Many people turn to running as a simple way to get their weekly requirement of cardiovascular exercise. While this workout is effective, it doesn't include a strength or plyometric component. Burpees, however, are the best of both worlds. This equipment-free workout not only improves your cardiovascular fitness, but offers a challenge for your muscles.
A basic burpee does not include the pushup, but an advanced burpee does. You start in a standing position, bend over and place your hands flat on the floor. Kick your feet out behind you, extending your legs. From this plank position, you can do a pushup. Kick your feet back in close to your hands and jump up into the air. Bend your knees when you land and repeat. For a more challenging variation, instead of jumping straight up at the end of the movement, jump forward.

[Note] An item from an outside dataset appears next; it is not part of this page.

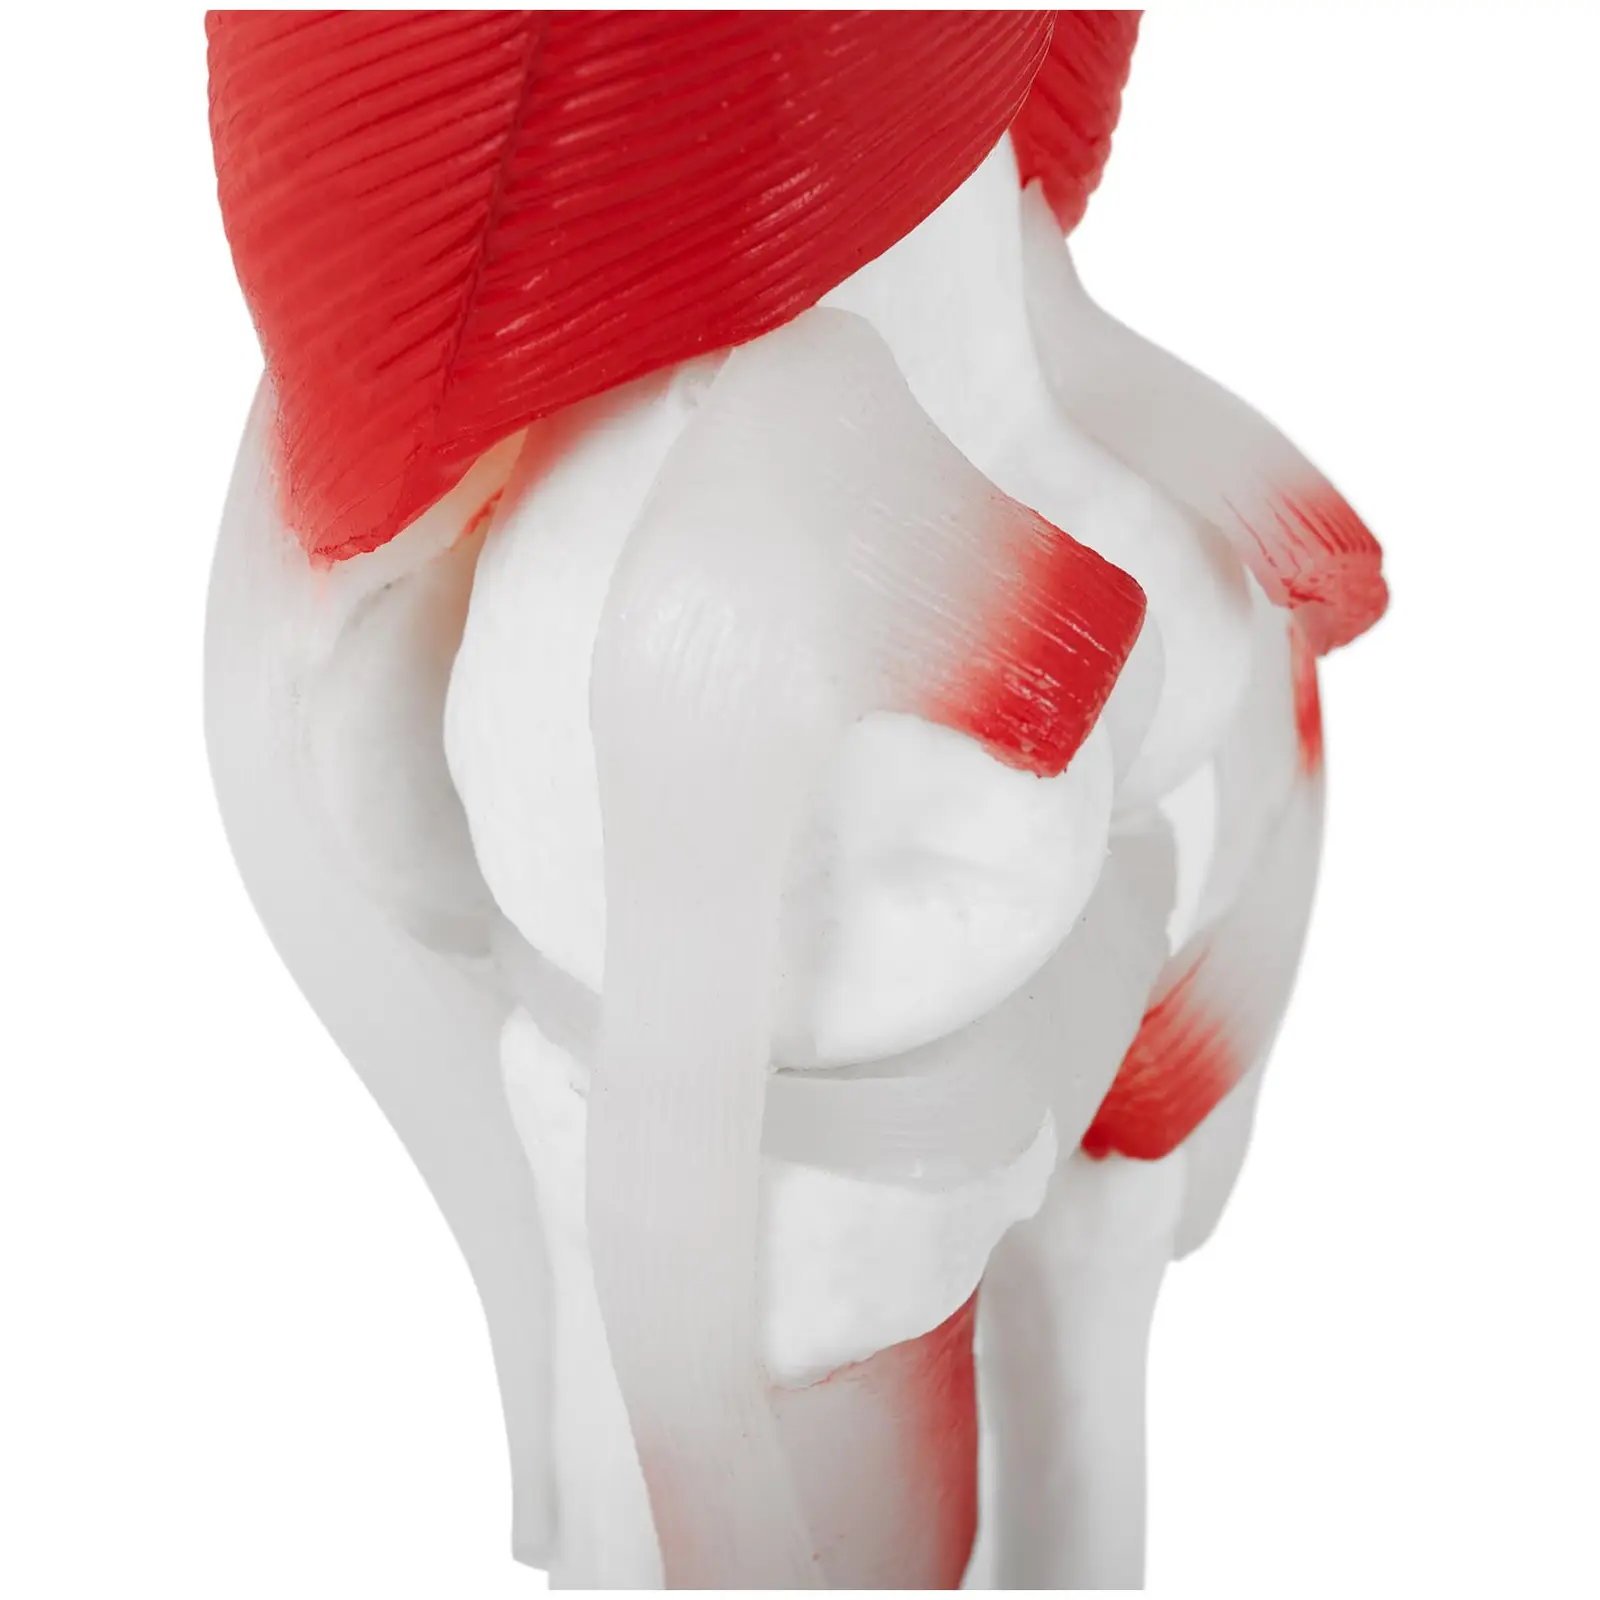 Staw kolanowy - model anatomiczny
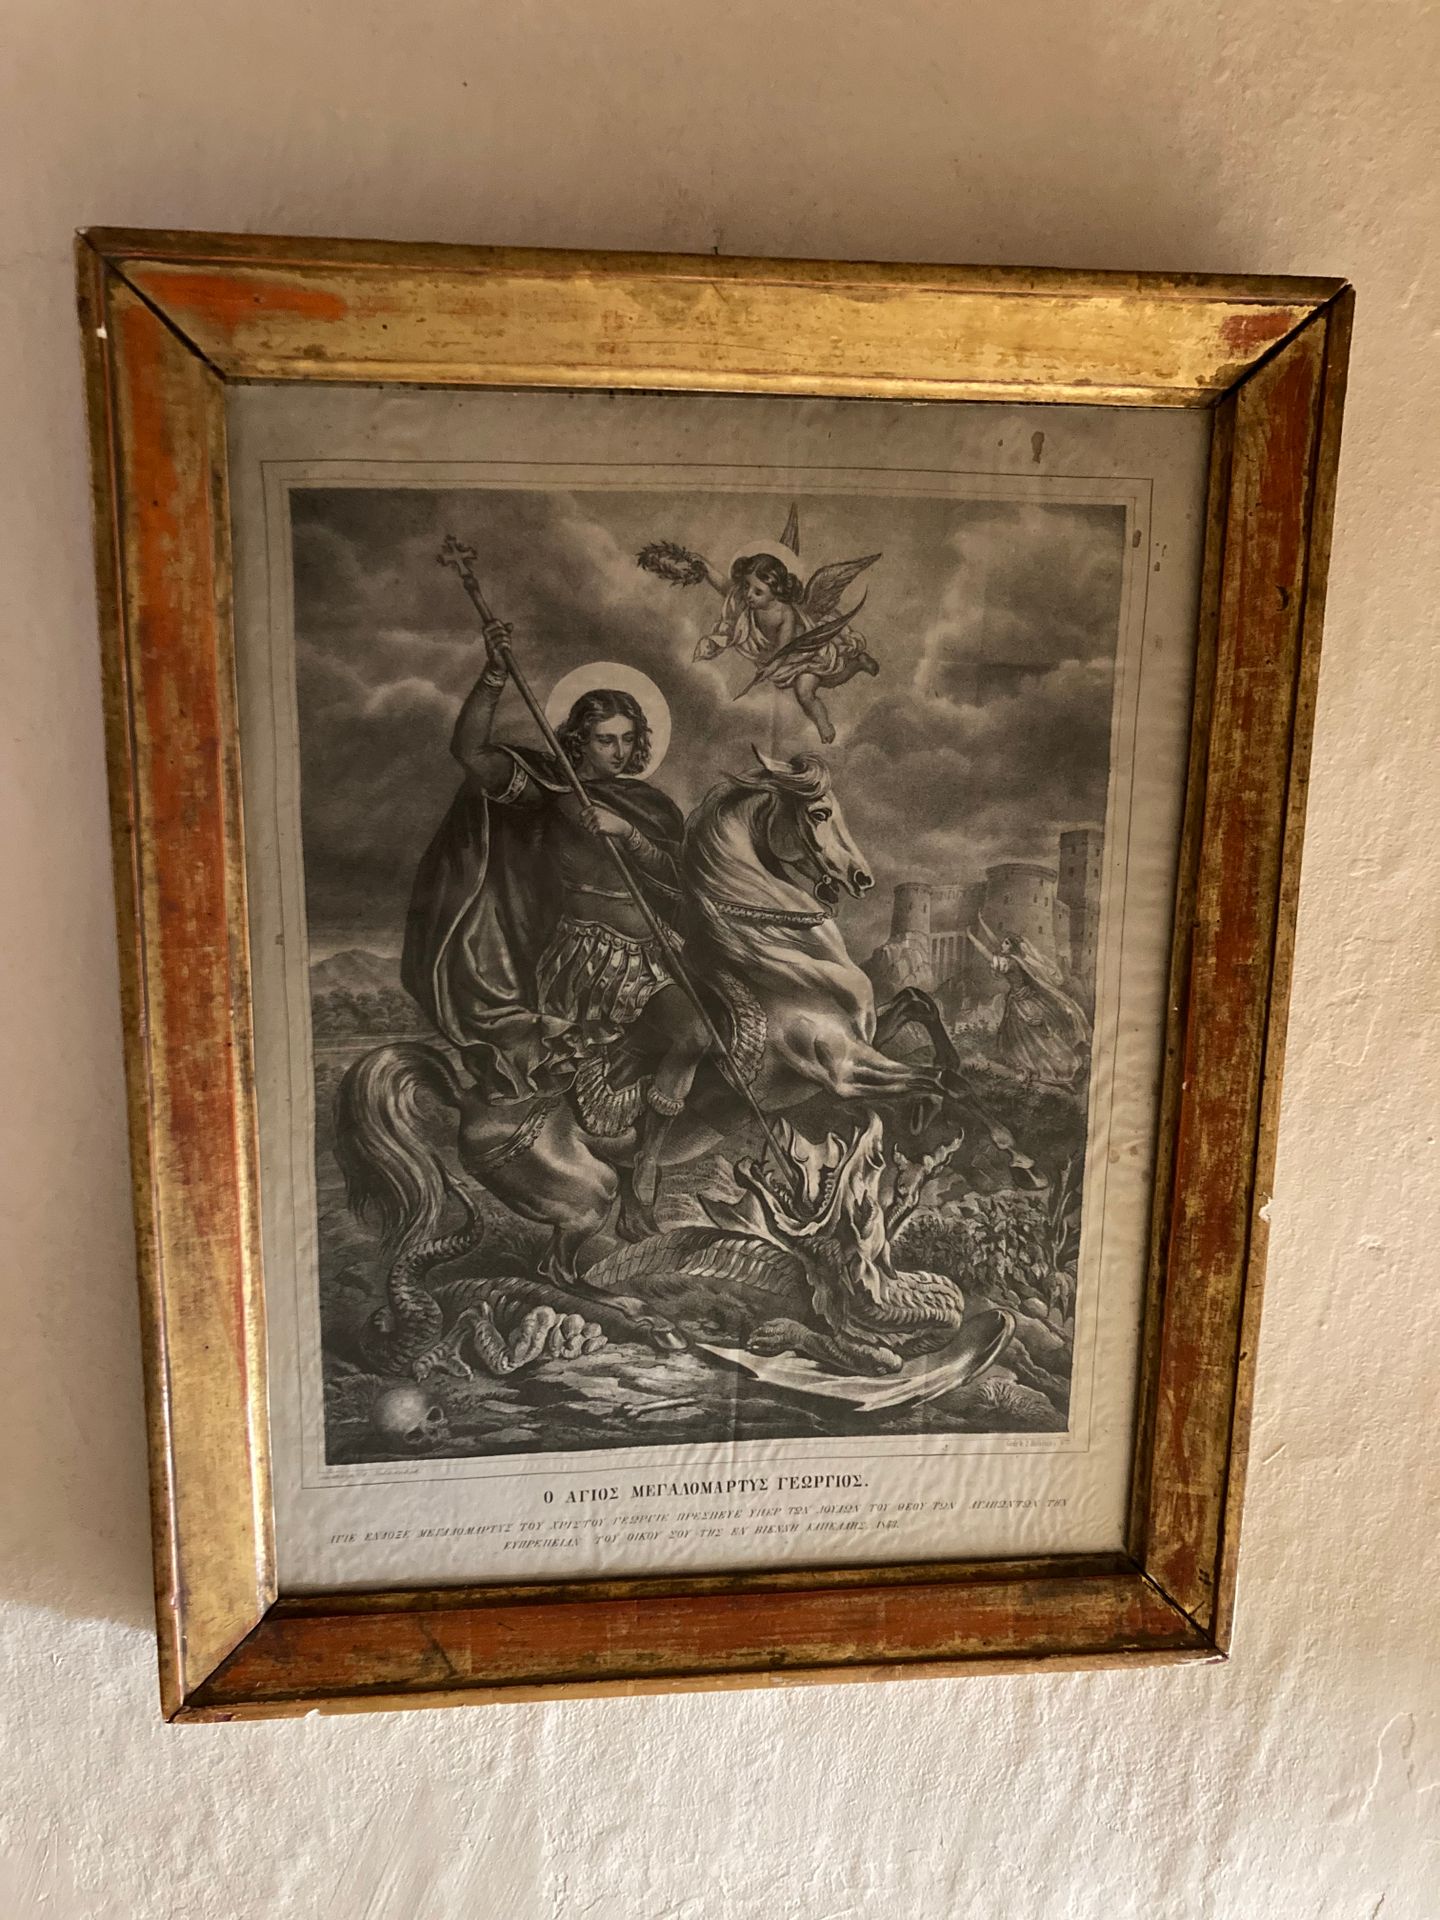 Null escuela rusa. Siglo XIX
San Miguel matando al dragón
Grabado
43x33 cm

Burpees are a convenient exercise that you can perform almost anywhere, including at home, at the gym and even on vacation. Running, however, requires a significant amount of open space. If indoors, you can use a treadmill, although this is not always a viable option. You can do burpees in a relatively small space, such as a corner of your living room or in your office at work. Burpees are easier to do indoors if the weather isn't cooperating.

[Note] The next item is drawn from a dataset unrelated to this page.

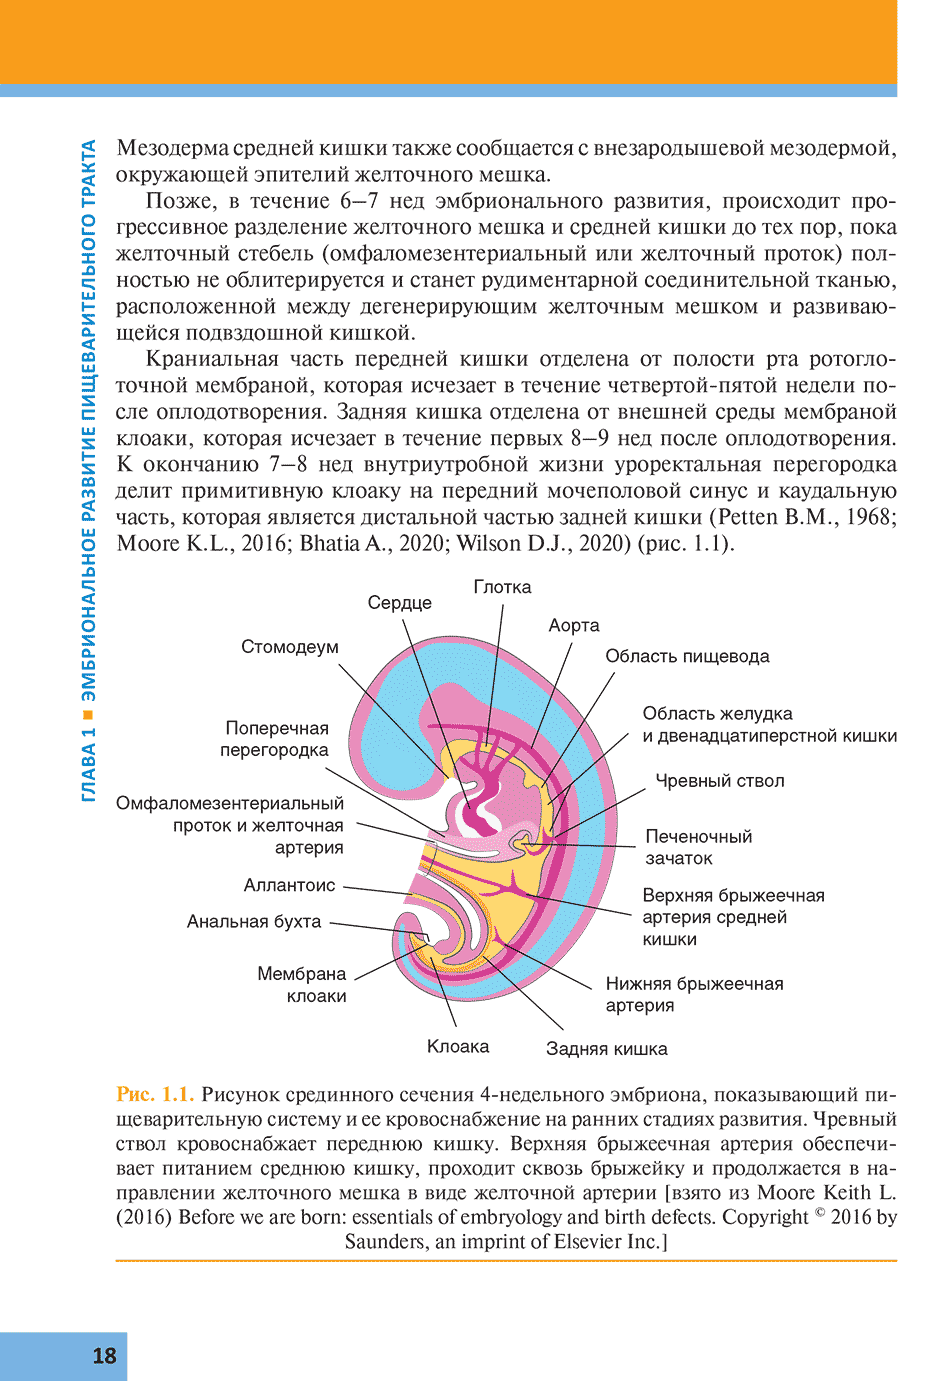 Рис. 1.1. Рисунок срединного сечения 4-недельного эмбриона

Burpees and running involve impact to your joints, though you can modify both activities to reduce the impact. Select a softer running surface, such as grass or a running track, instead of concrete. Eliminate the vertical jump at the end of a burpee if you have knee issues. When you kick your feet out and back in, you can move one leg at a time. This reduces the difficulty of the exercise as well as the impact to your joints.

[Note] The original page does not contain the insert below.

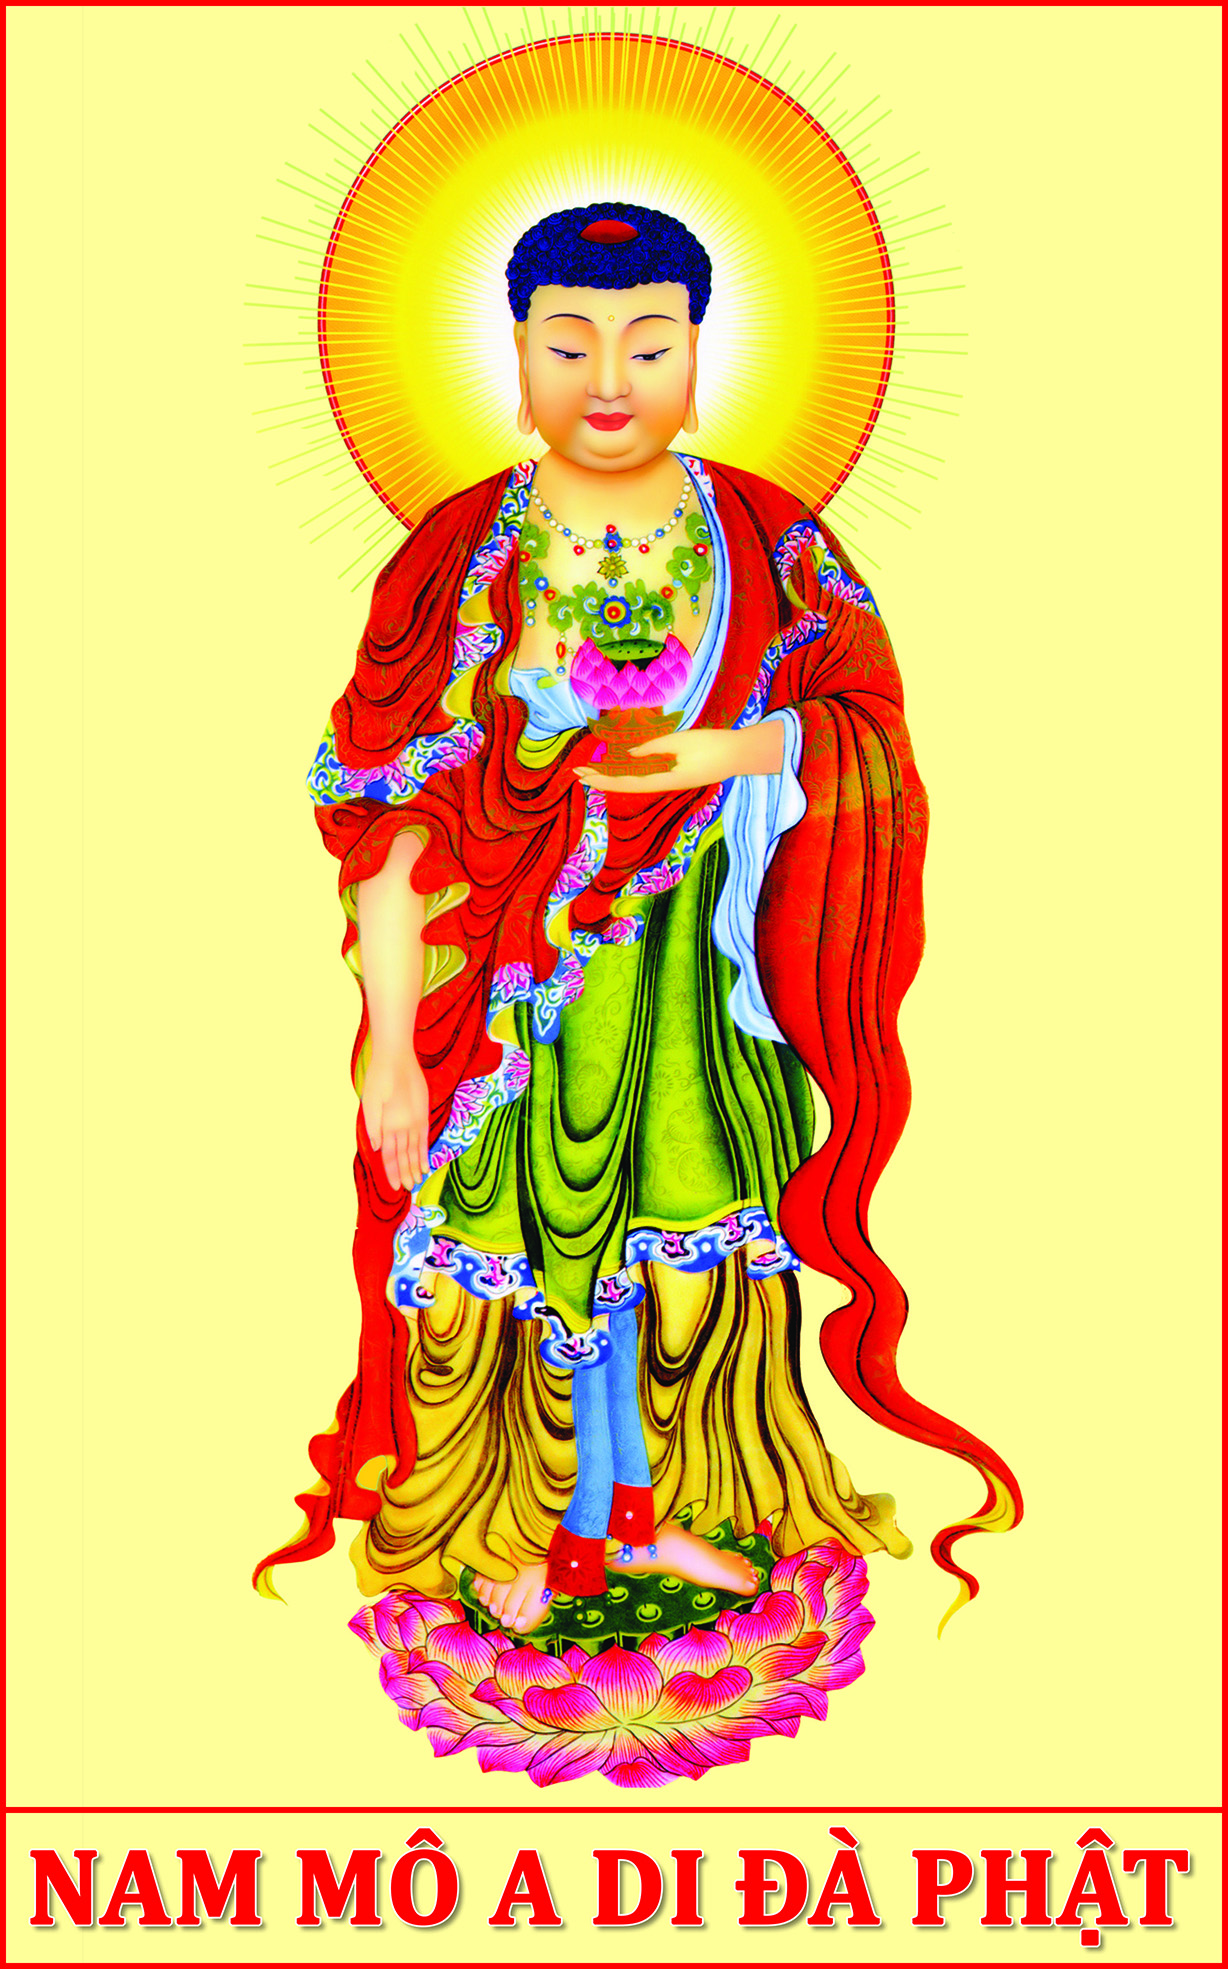 Tranh Phật A Di Đà: Hãy chiêm ngưỡng tranh Phật A Di Đà đầy tinh tuyền và sắc màu tại đây. Với kỹ thuật vẽ tinh xảo, bức tranh sẽ đưa bạn vào một thế giới an lạc và thanh tịnh.

Burpees are a more intense exercise than running. They involve plyometric movements that increase the difficulty of the exercise. Even advanced athletes cannot perform burpees for long periods. While you may run for an hour, you perform burpees for one or two minutes at a time. Incorporate burpees into your running program to train your anaerobic and aerobic energy systems together. Design an interval session where you run for two minutes then perform burpees for one minute.